From a dictionary of DataFrames, you might convert each value into a DataArray (adding dimensions labels), load the results into a Dataset and then convert into a DataArray:

variables = {(k, xr.DataArray(v, dims=['month', 'attribute']))
             for k, v in D_patient_DF.items()}
combined = xr.Dataset(variables).to_array(dim='patient')
print(combined)

However, beware that the result will not necessarily be ordered in sorted order, but rather use the arbitrary order of dictionary iteration.

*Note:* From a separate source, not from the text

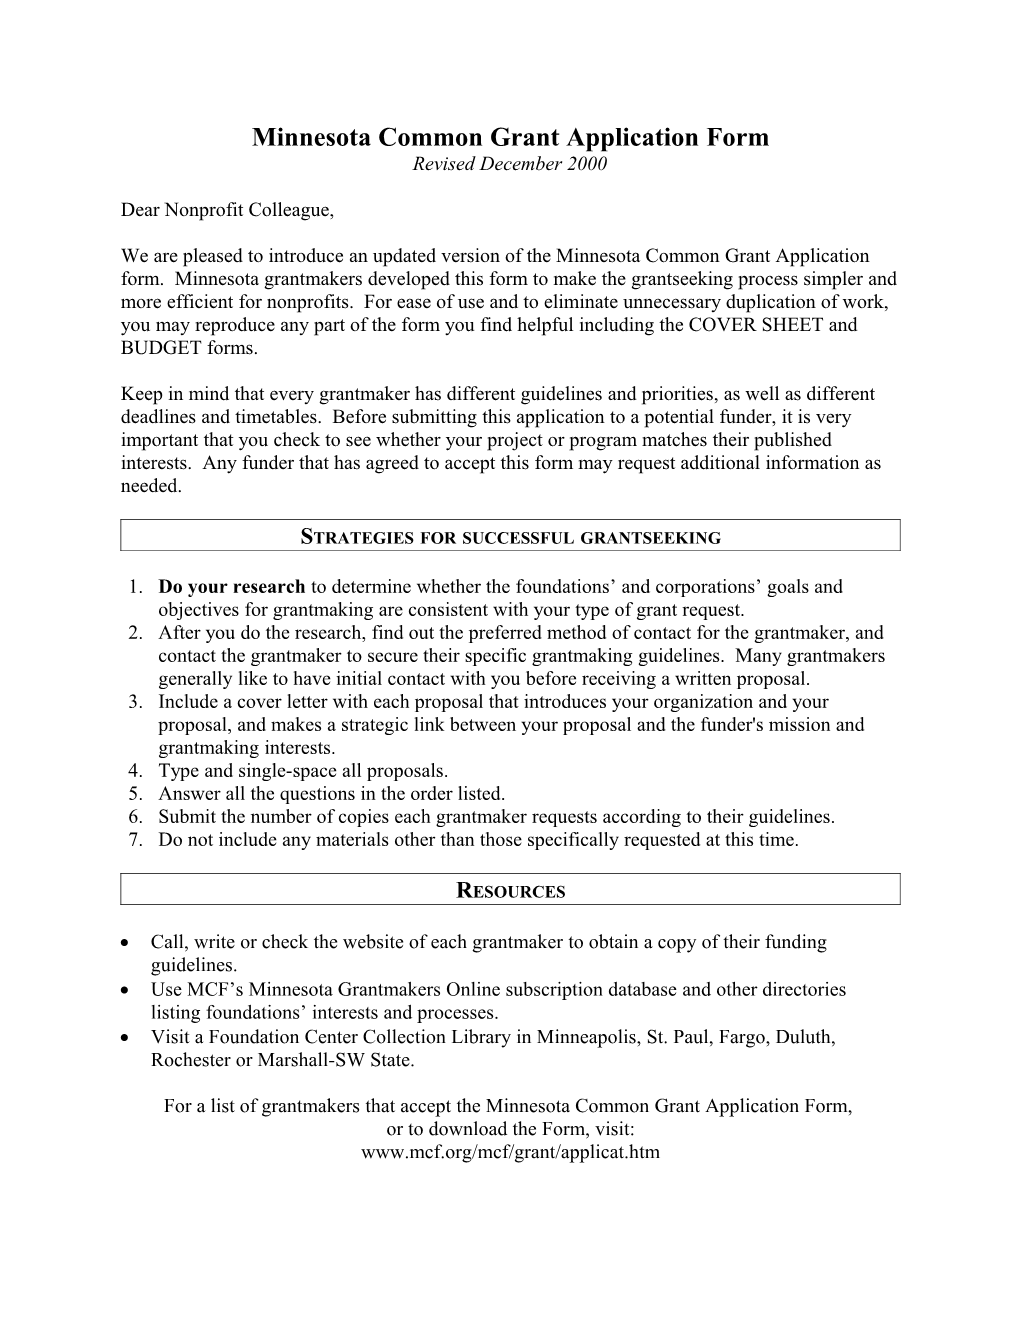 Grant Application Cover Sheet

If you want sorted order, you should use an OrderedDict instead (insert after setting variables above):

variables = collections.OrderedDict((k, variables[k]) for k in patients)

This outputs:

<xarray.DataArray (patient: 100, month: 12, attribute: 10000)>
array([[[ 0.61176399,  0.26172557,  0.74657302, ...,  0.43742111,
          0.47503291,  0.37263983],
        [ 0.34970732,  0.81527751,  0.53612895, ...,  0.68971198,
          0.68962168,  0.75103198],
        [ 0.71282751,  0.23143891,  0.28481889, ...,  0.52612376,
          0.56992843,  0.3483683 ],
        ...,
        [ 0.84627257,  0.5033482 ,  0.44116194, ...,  0.55020168,
          0.48151353,  0.36374339],
        [ 0.53336826,  0.59566147,  0.45269417, ...,  0.41951078,
          0.46815364,  0.44630235],
        [ 0.25720899,  0.18738289,  0.66639783, ...,  0.36149276,
          0.58865823,  0.33918553]],

       ...,

       [[ 0.42933273,  0.58642504,  0.38716496, ...,  0.45667285,
          0.72684589,  0.52335464],
        [ 0.34946576,  0.35821339,  0.33097093, ...,  0.59037927,
          0.30233665,  0.6515749 ],
        [ 0.63673498,  0.31022272,  0.65788374, ...,  0.47881873,
          0.67825066,  0.58704331],
        ...,
        [ 0.44822441,  0.502429  ,  0.50677081, ...,  0.4843405 ,
          0.84396521,  0.45460029],
        [ 0.61336348,  0.46338301,  0.60715273, ...,  0.48322379,
          0.66530209,  0.52204897],
        [ 0.47520639,  0.43490559,  0.27309414, ...,  0.35280585,
          0.30280485,  0.77537204]]])
Coordinates:
  * month      (month) int64 0 1 2 3 4 5 6 7 8 9 10 11
  * patient    (patient) <U10 'patient_80' 'patient_73' 'patient_79' ...
  * attribute  (attribute) object 'attr_0' 'attr_1' 'attr_2' 'attr_3' ...

Alternatively, you could create a list of 2D DataArrays and then use concat:

patient_list = []
for i, patient in enumerate(patients):
    df = ...
    array = xr.DataArray(df, dims=['patient', 'attribute'])
    patient_list.append(df)
combined = xr.concat(patient_list, dim=pd.Index(patients, name='patient')

This would give the same result, and is probably the cleanest code.